La Nissan Leaf ZE1 (deuxième génération, 2018-2024) a été produite jusqu'au printemps 2024. Les exemplaires achetés en 2022 ont aujourd'hui trois ans d'usage majoritairement périurbain. Voici ce que retiennent les propriétaires français.
Ce qui ravit toujours
La fiabilité globale rassure. Le moteur synchrone 110 ou 160 kW est l'un des plus éprouvés du marché, hérité d'une décennie de production. Les retours mentionnent peu de pannes mécaniques.
Le système e-Pedal reste bien dosé. Conduite à une pédale efficace en ville, qui permet d'éviter d'utiliser le frein hydraulique 80 % du temps. Plusieurs propriétaires venant d'une Zoé regrettent ne pas l'avoir trouvé ailleurs avec autant de progressivité.
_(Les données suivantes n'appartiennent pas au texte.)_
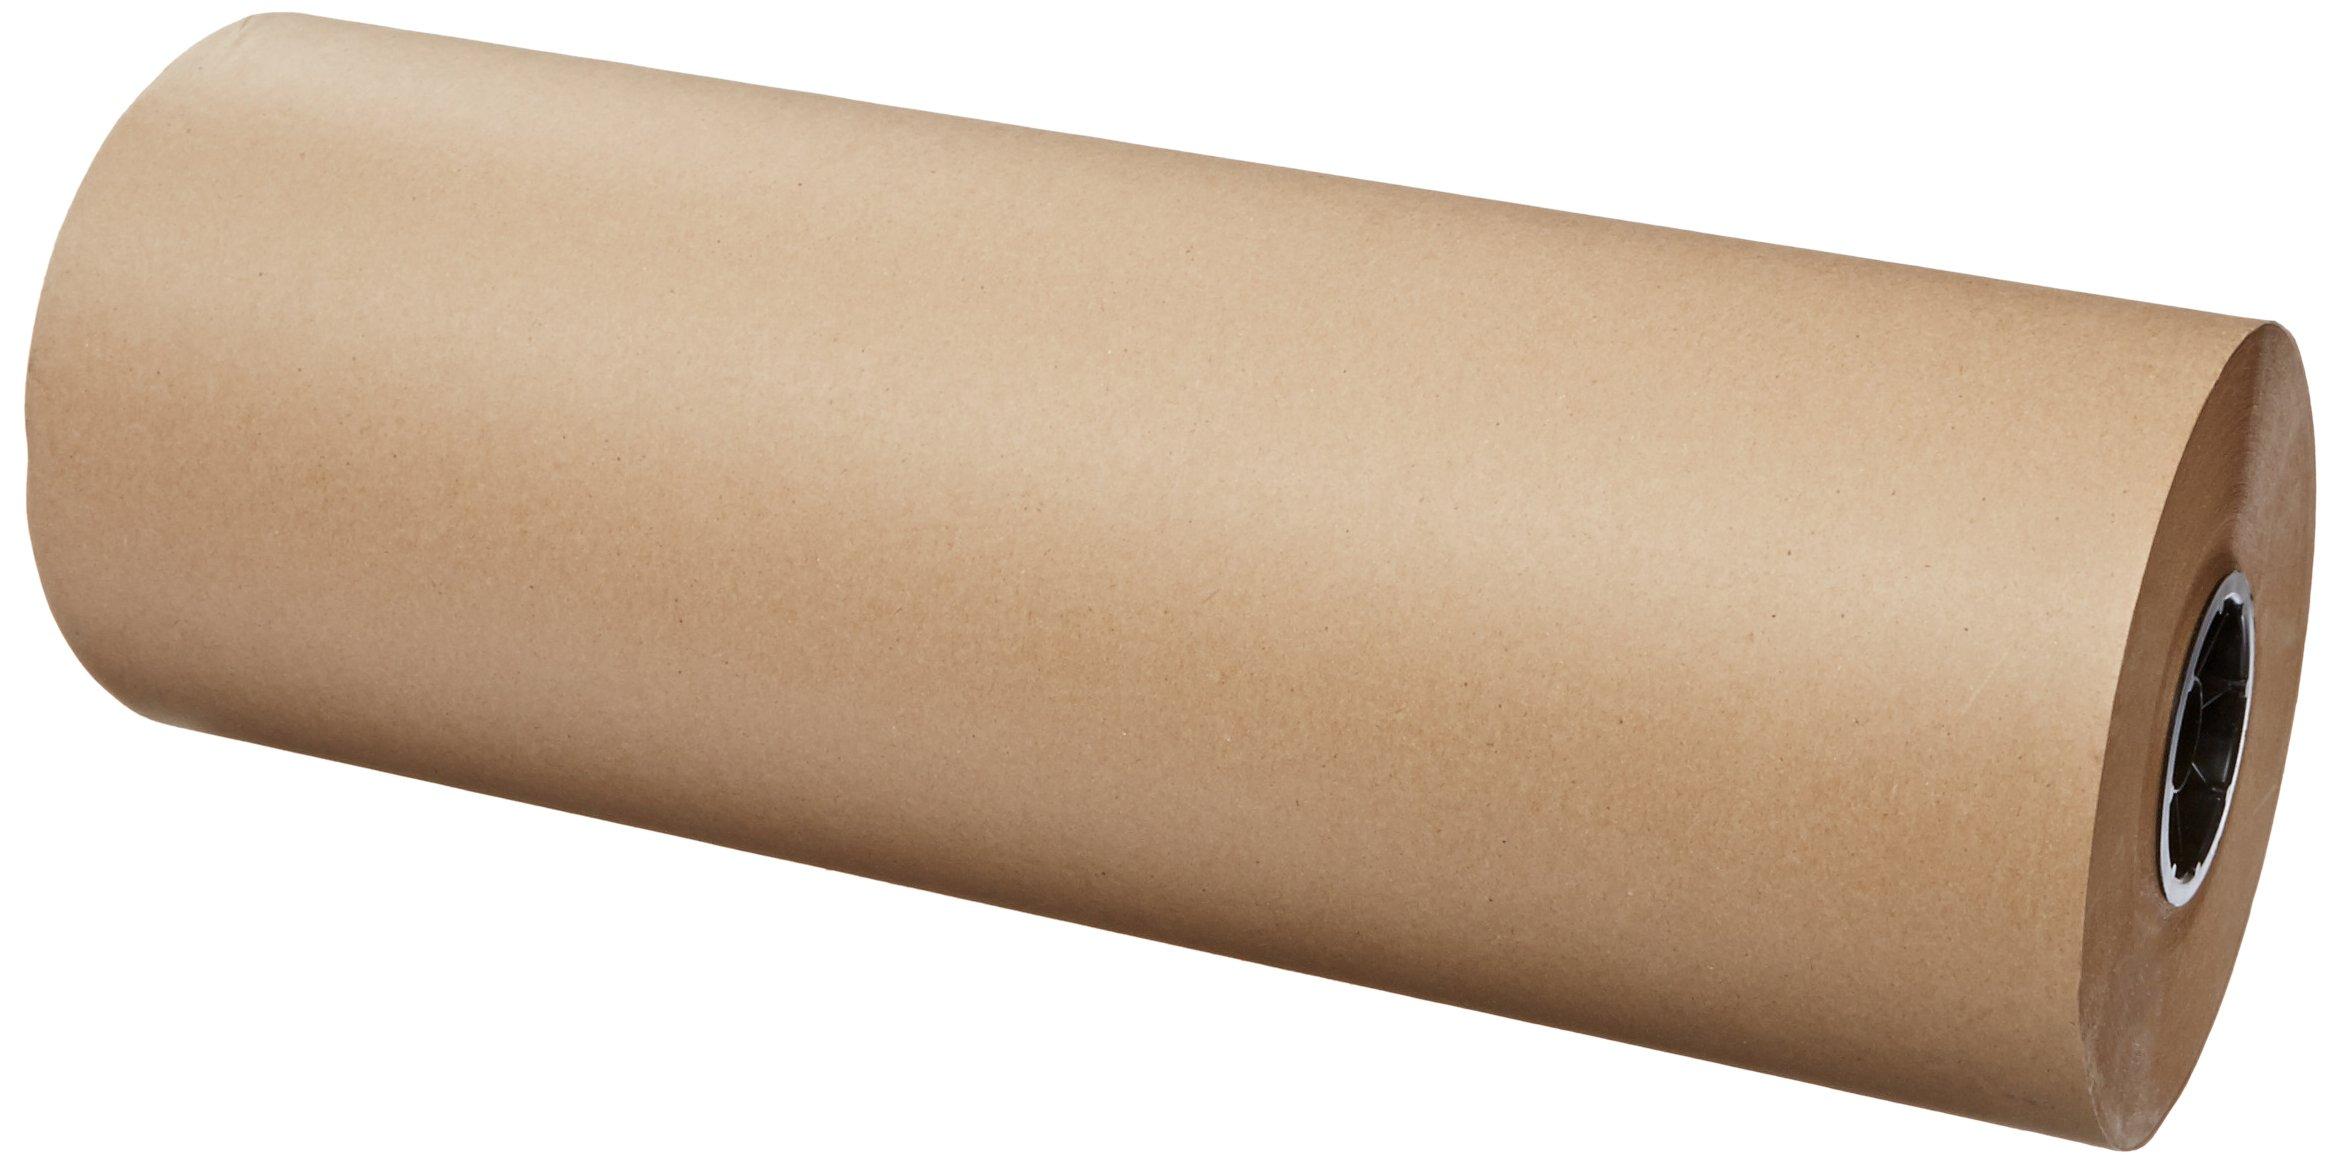 Pratt Multipurpose Kraft Paper Sheet for Packaging Wrap, KPR4024900R,  900' Length x 24'' Width, Kraft

L'habitabilité arrière est correcte pour deux adultes, mieux qu'une Zoé. Le coffre de 435 litres dépanne pour une famille.
L'écosystème ProPilot 1 (régulateur adaptatif + maintien de voie) fonctionne bien sur autoroute, plus discret qu'un ADAS MG ou Renault. Les longs trajets en sont apaisés.
Quatre ans, 88 000 km, jamais une panne. Trois passages SAV pour entretien périodique, c'est tout. La voiture ne fait pas parler d'elle, et c'est tant mieux.
Ce qui irrite
La prise de charge CHAdeMO la condamne en pratique. Le réseau CHAdeMO en France se vide rapidement : Ionity et Fastned n'en proposent quasiment plus, seuls quelques relais Engie Vianeo et bornes communales maintiennent l'accès. Sur les longs trajets, la planification devient un casse-tête.
L'absence de système de refroidissement actif batterie pose problème. Sur autoroute en été après deux charges rapides successives, la batterie atteint la limite thermique et la troisième charge plafonne à 22 kW. Le phénomène de Rapidgate, identifié dès 2018, n'a jamais été corrigé sur ZE1.
L'autonomie hivernale de la version 40 kWh tombe à 180 km en mixte par moins 5 degrés Celsius. La version e+ 62 kWh tient mieux mais reste pénalisée par la même architecture batterie.
Les vrais coûts
Entretien : 200 à 280 € par an au forfait Nissan. Réseau qui se rétracte avec la fin de carrière de la marque sur l'électrique grand public en France.
Pneus : 16 ou 17 pouces, 500 à 700 € le train monté.
Recharge à domicile : 16 à 18 kWh aux 100 km en mixte réel, soit 3 € aux 100 km en heures creuses.
Assurance : 700 à 1 000 € par an en tous risques. Tarif raisonnable face aux concurrentes électriques plus récentes.
La fiabilité observée
Le groupe motopropulseur reste l'un des plus robustes du marché. La batterie pose en revanche question : sans gestion thermique active, la dégradation atteint 12 à 18 % à 80 000 km sur exemplaires roulant beaucoup en chargeurs rapides. Pour un usage urbain et charge AC à domicile, la perte tombe à 8 à 10 %.
Soucis remontés : capteur de batterie 12 volts qui rend l'âme tôt, alerte de pression pneus capricieuse, mode tortue qui apparaît en cas de batterie chaude en été, écran multimédia daté et lent à démarrer.
Le SAV Nissan reste accessible pour le moment mais beaucoup de concessions se concentrent sur le Qashqai et le Juke. Trouver un technicien Leaf expérimenté demande de chercher en 2025.
Une fois habitué à charger lentement à domicile et à oublier l'idée des longs trajets, la Leaf devient transparente. La batterie tient. Les gens qui se sont rués sur les charges rapides en pâtissent.
La cote en occasion
Décote forte. Une Leaf e+ 62 kWh Tekna 2022 achetée 41 000 € se revend autour de 17 000 à 20 000 € fin 2025. La prise CHAdeMO en fin de vie pèse lourd dans la valeur de revente.
Le verdict
La Nissan Leaf reste un choix défendable pour un usage strictement local ou périurbain, avec recharge à domicile, et pour qui accepte que la voiture ne fera quasiment jamais de long trajet. Fiabilité solide, ergonomie e-Pedal réussie, prix occasion très bas. Le prix à payer : la prise CHAdeMO en voie d'extinction, l'absence de gestion thermique batterie et une décote sévère. Pour une seconde voiture familiale ou un actif sédentaire, c'est un bon plan. Pour qui ambitionne de partir en vacances en électrique, fuir cette génération.